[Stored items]
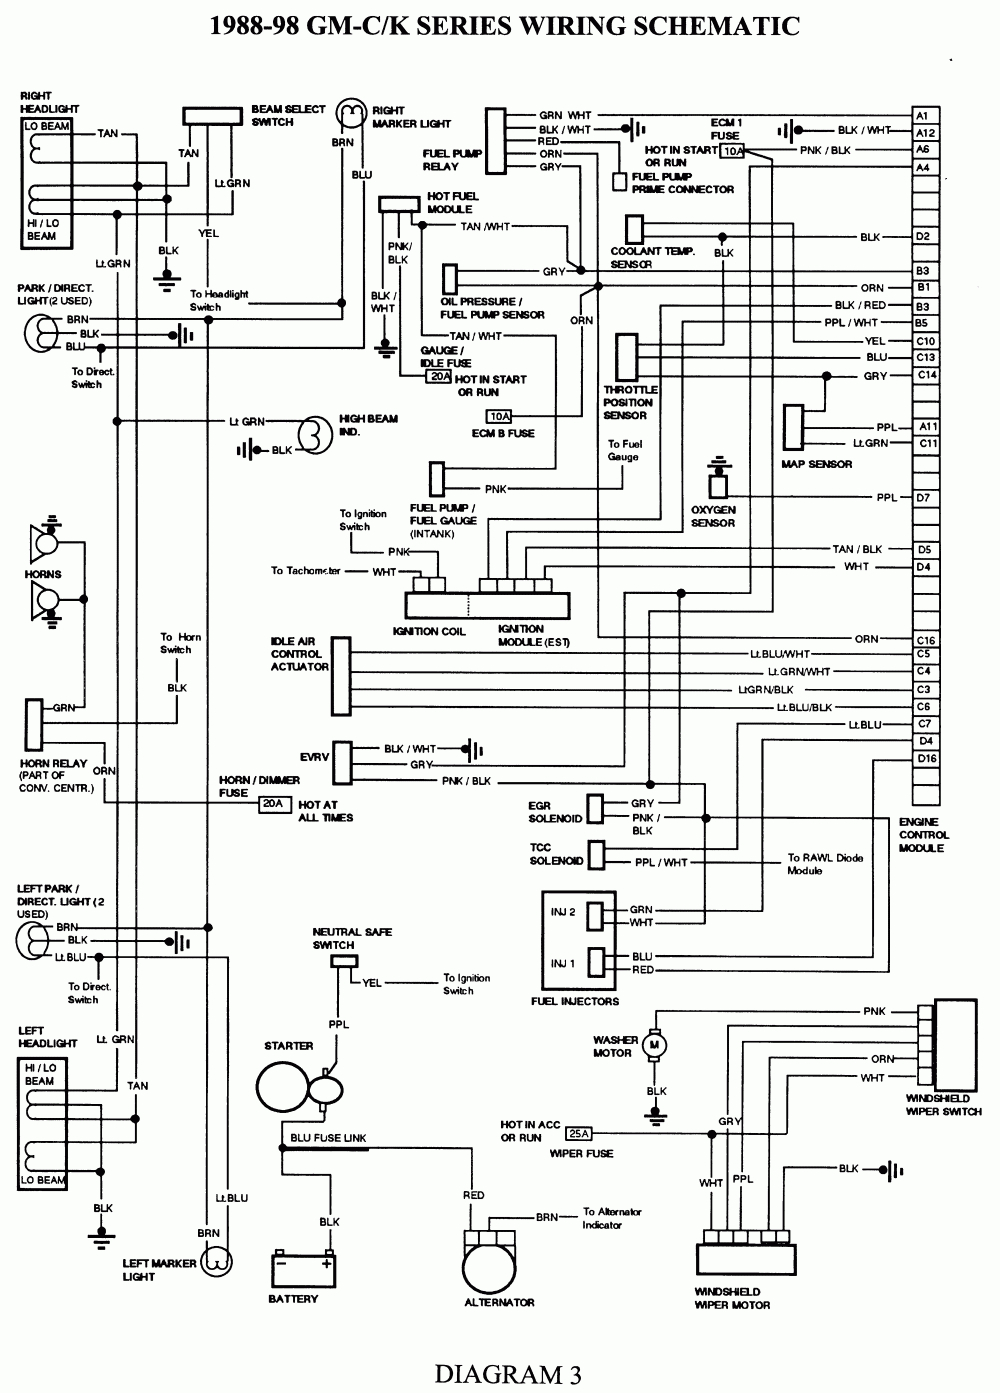 Repair Guides | Wiring Diagrams | Wiring Diagrams | Autozone - 1998 Chevy Silverado Wiring Diagram
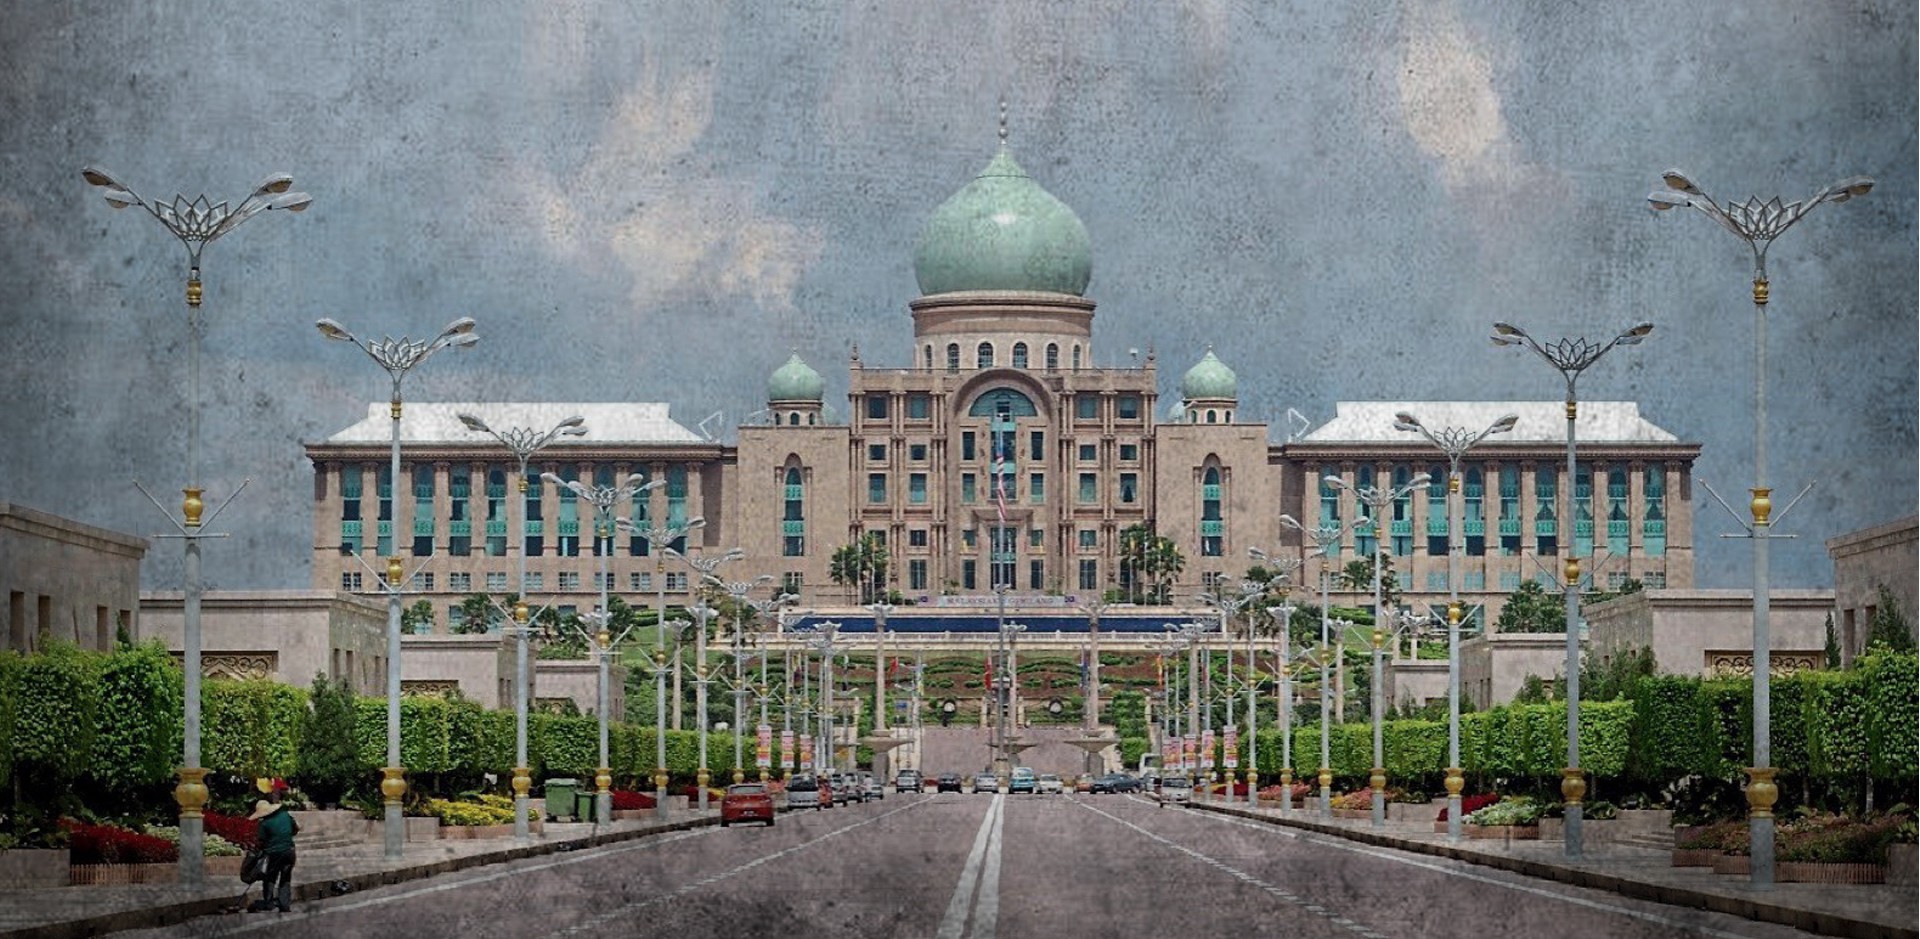 Khu đô thị mới Putrajaya - dấu ấn của Thủ tướng Mahathir - Ảnh 7.
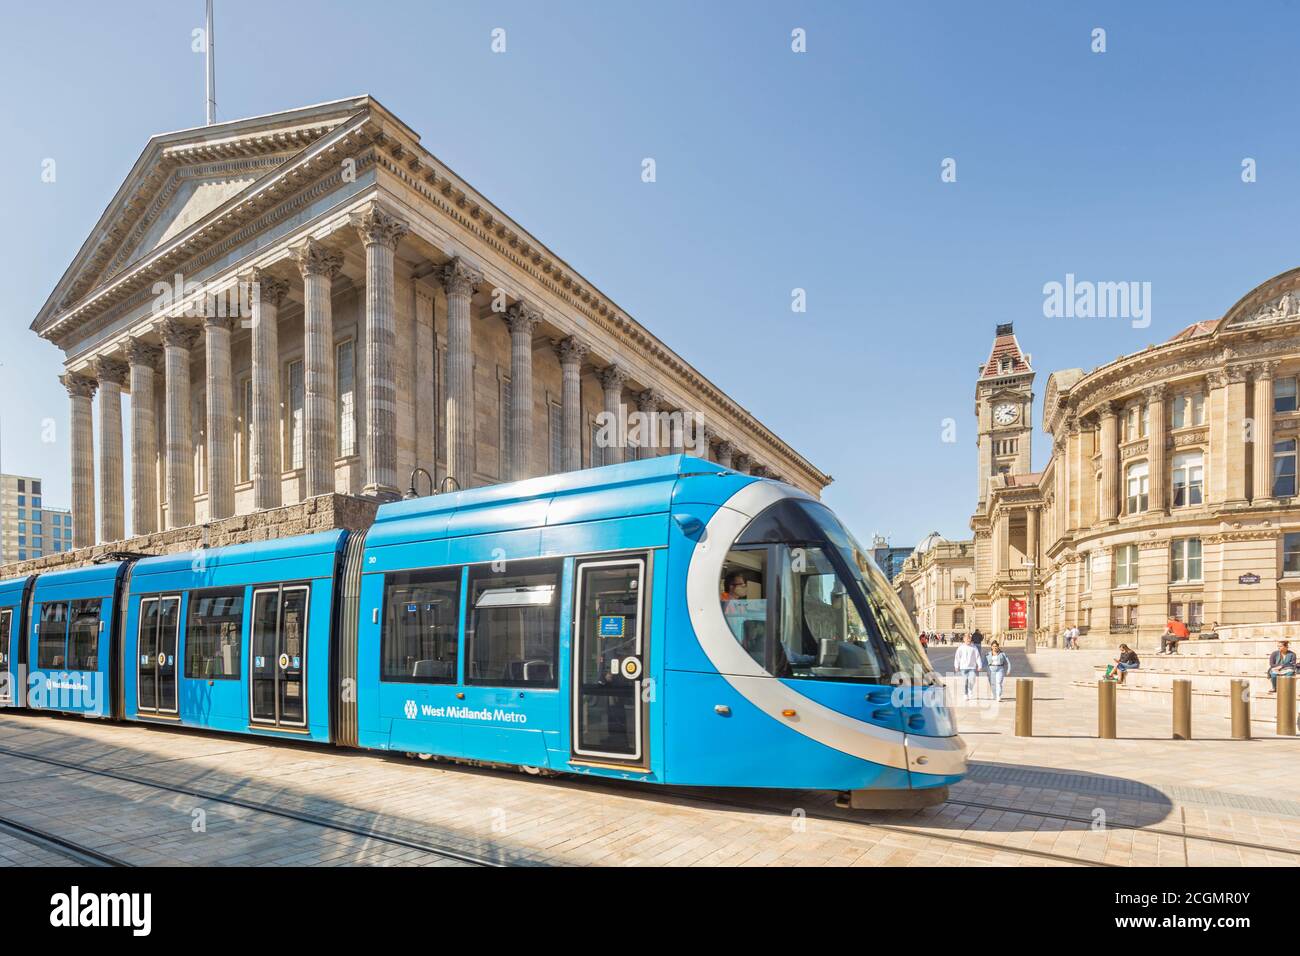 West Midlands Metro que opera entre Birmingham y Wolverhampton, pasando por el Ayuntamiento en Victoria Square, Birmingham, Inglaterra, Reino Unido Foto de stock
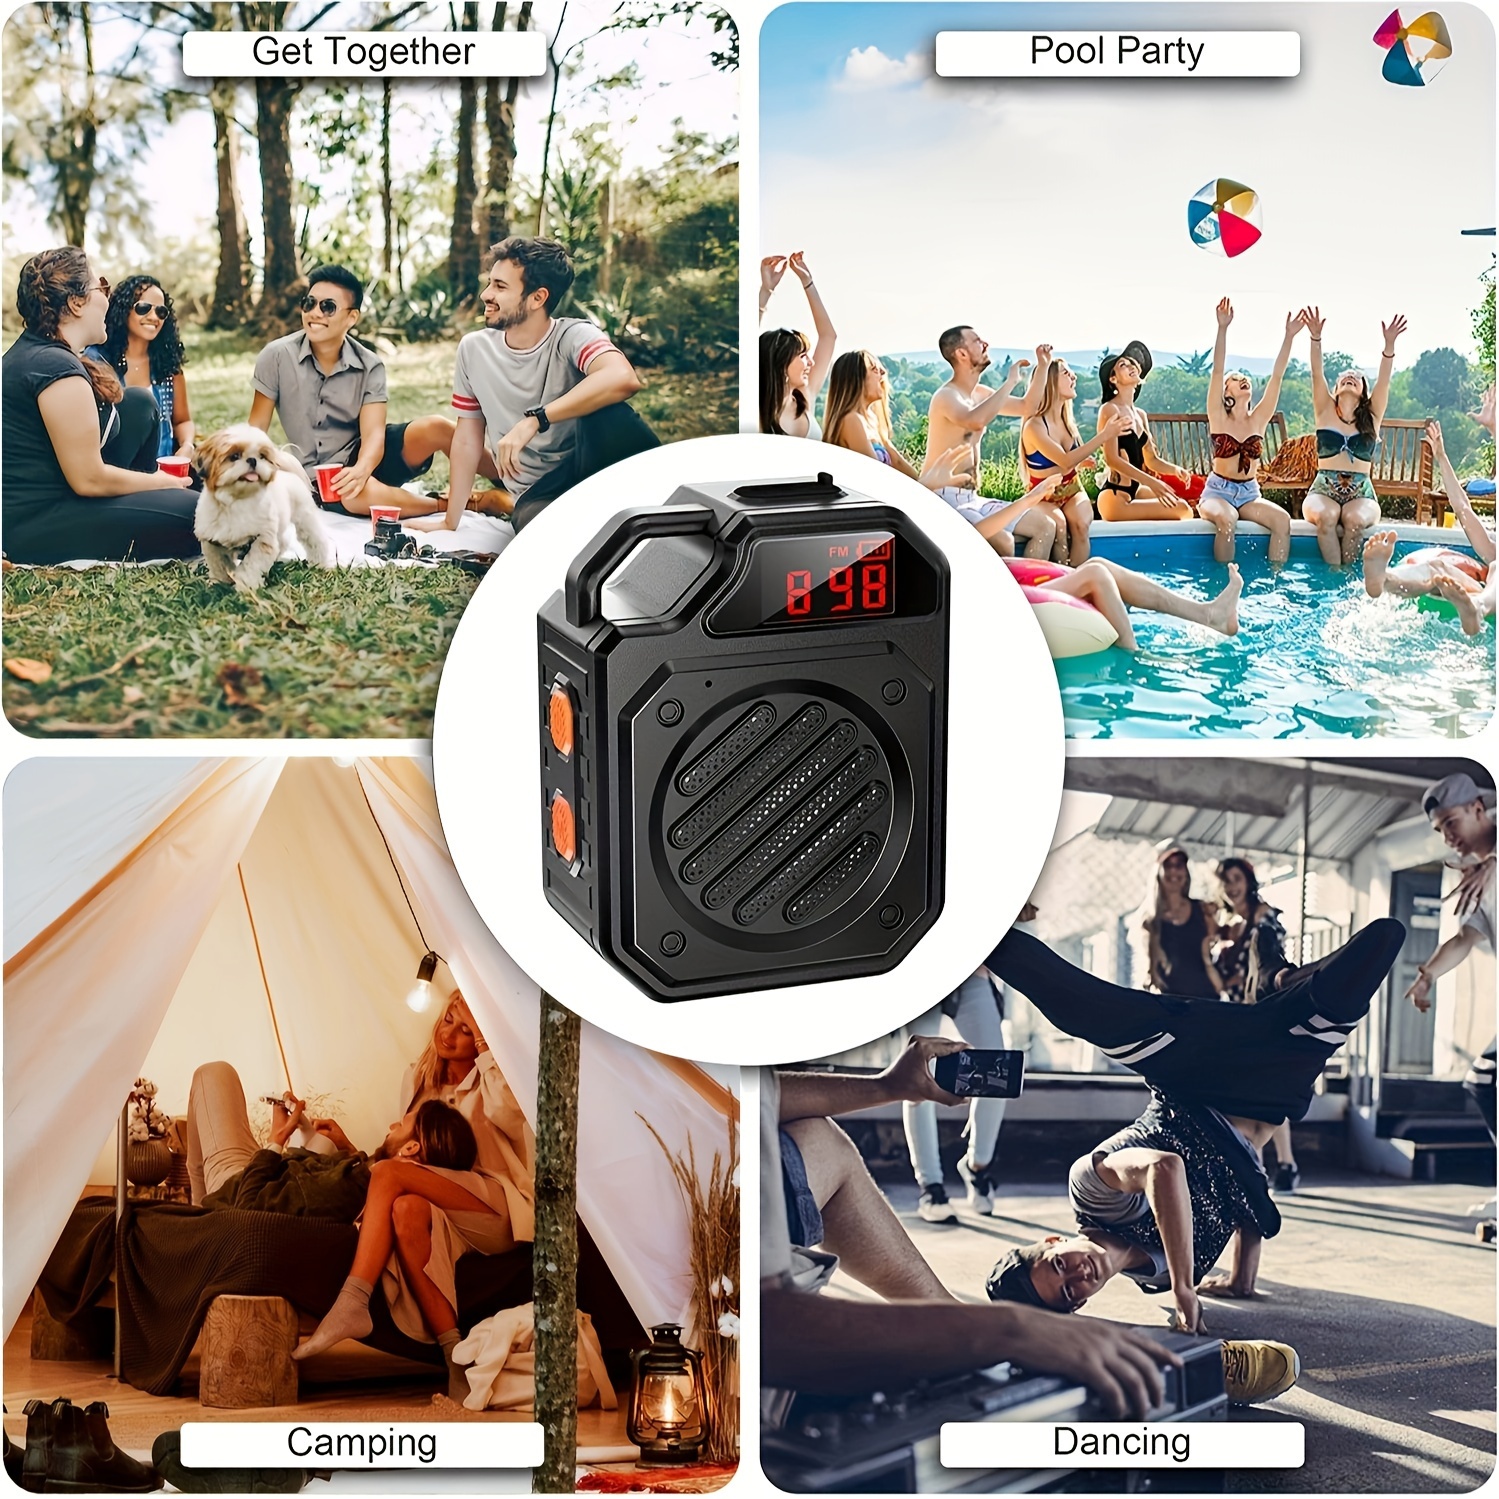  Altavoz de ducha actualizado, IPX7 impermeable altavoces  Bluetooth portátiles con emparejamiento estéreo, inalámbrico para  bicicleta, kayak, piscina, playa, al aire libre : Electrónica
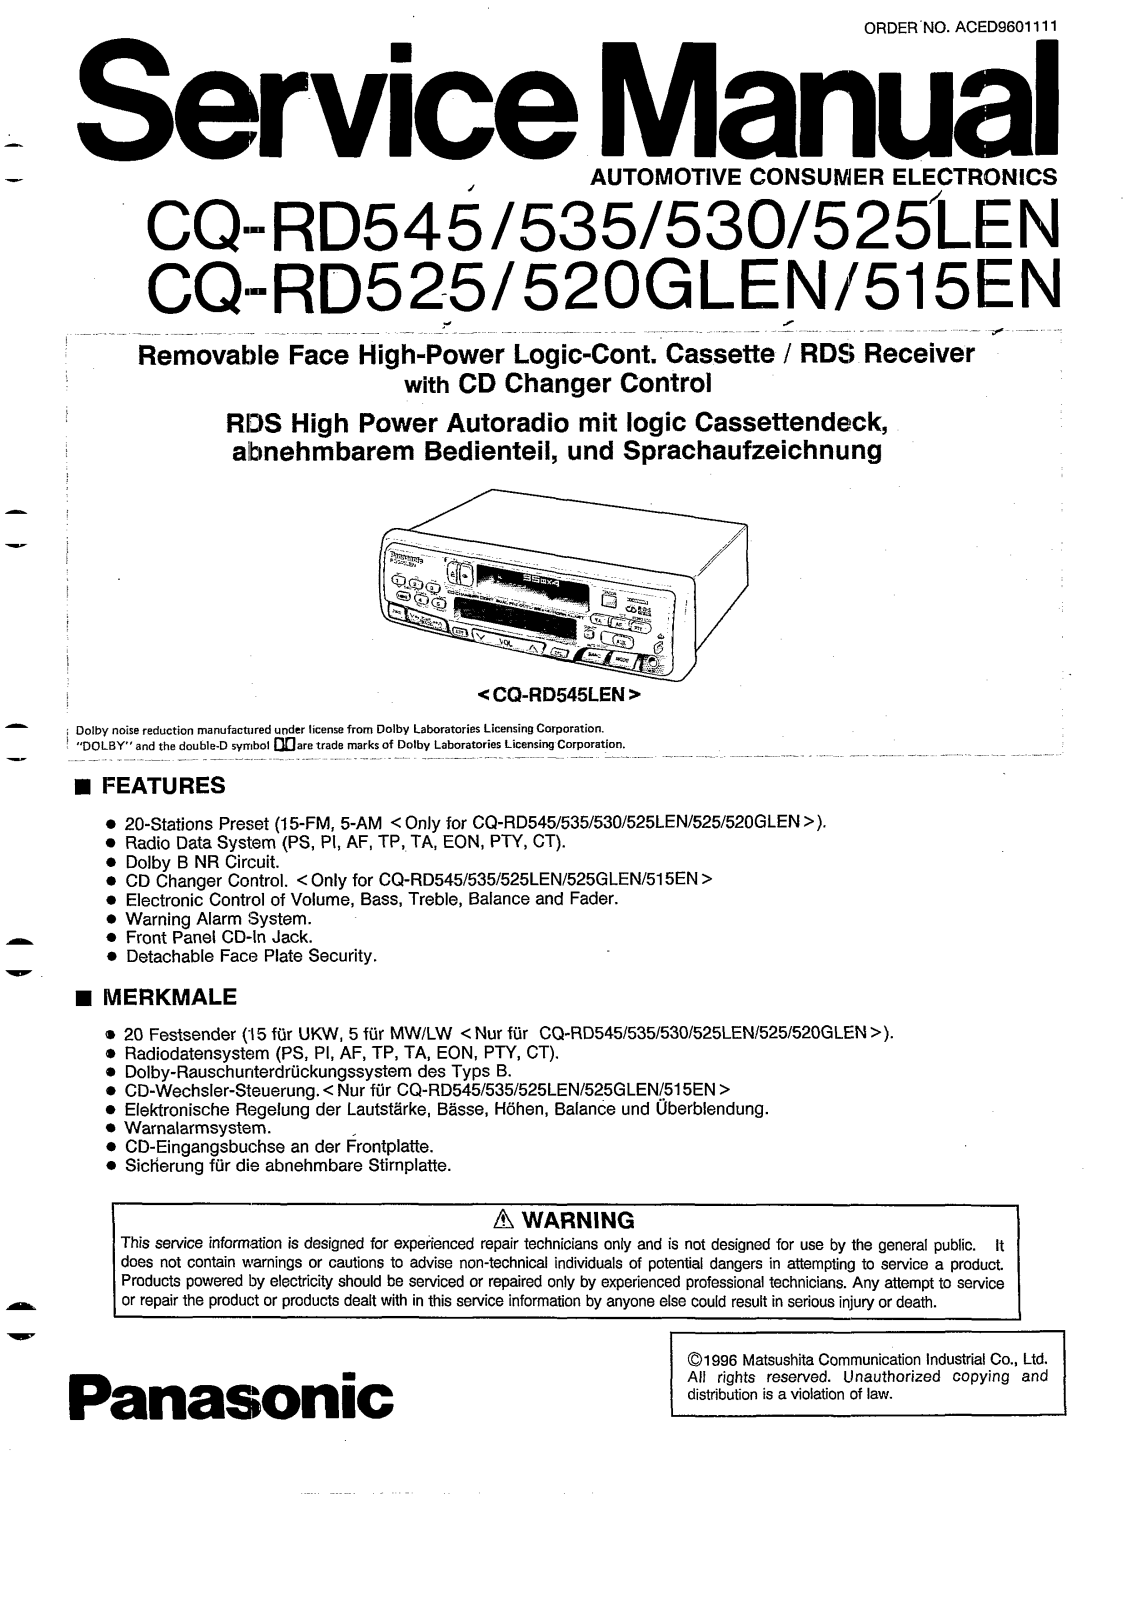 Panasonic CQRD-515-EN, CQRD-520-GLEN, CQRD-525, CQRD-525-LEN, CQRD-530 Service manual

Exercise brief: Word for word, restate all of the entries above and leave each picture out.

Task result:
 Repair Guides | Wiring Diagrams | Wiring Diagrams | Autozone - 1998 Chevy Silverado Wiring Diagram
 Khu đô thị mới Putrajaya - dấu ấn của Thủ tướng Mahathir - Ảnh 7.
 West Midlands Metro que opera entre Birmingham y Wolverhampton, pasando por el Ayuntamiento en Victoria Square, Birmingham, Inglaterra, Reino Unido Foto de stock
  Altavoz de ducha actualizado, IPX7 impermeable altavoces  Bluetooth portátiles con emparejamiento estéreo, inalámbrico para  bicicleta, kayak, piscina, playa, al aire libre : Electrónica
 Panasonic CQRD-515-EN, CQRD-520-GLEN, CQRD-525, CQRD-525-LEN, CQRD-530 Service manual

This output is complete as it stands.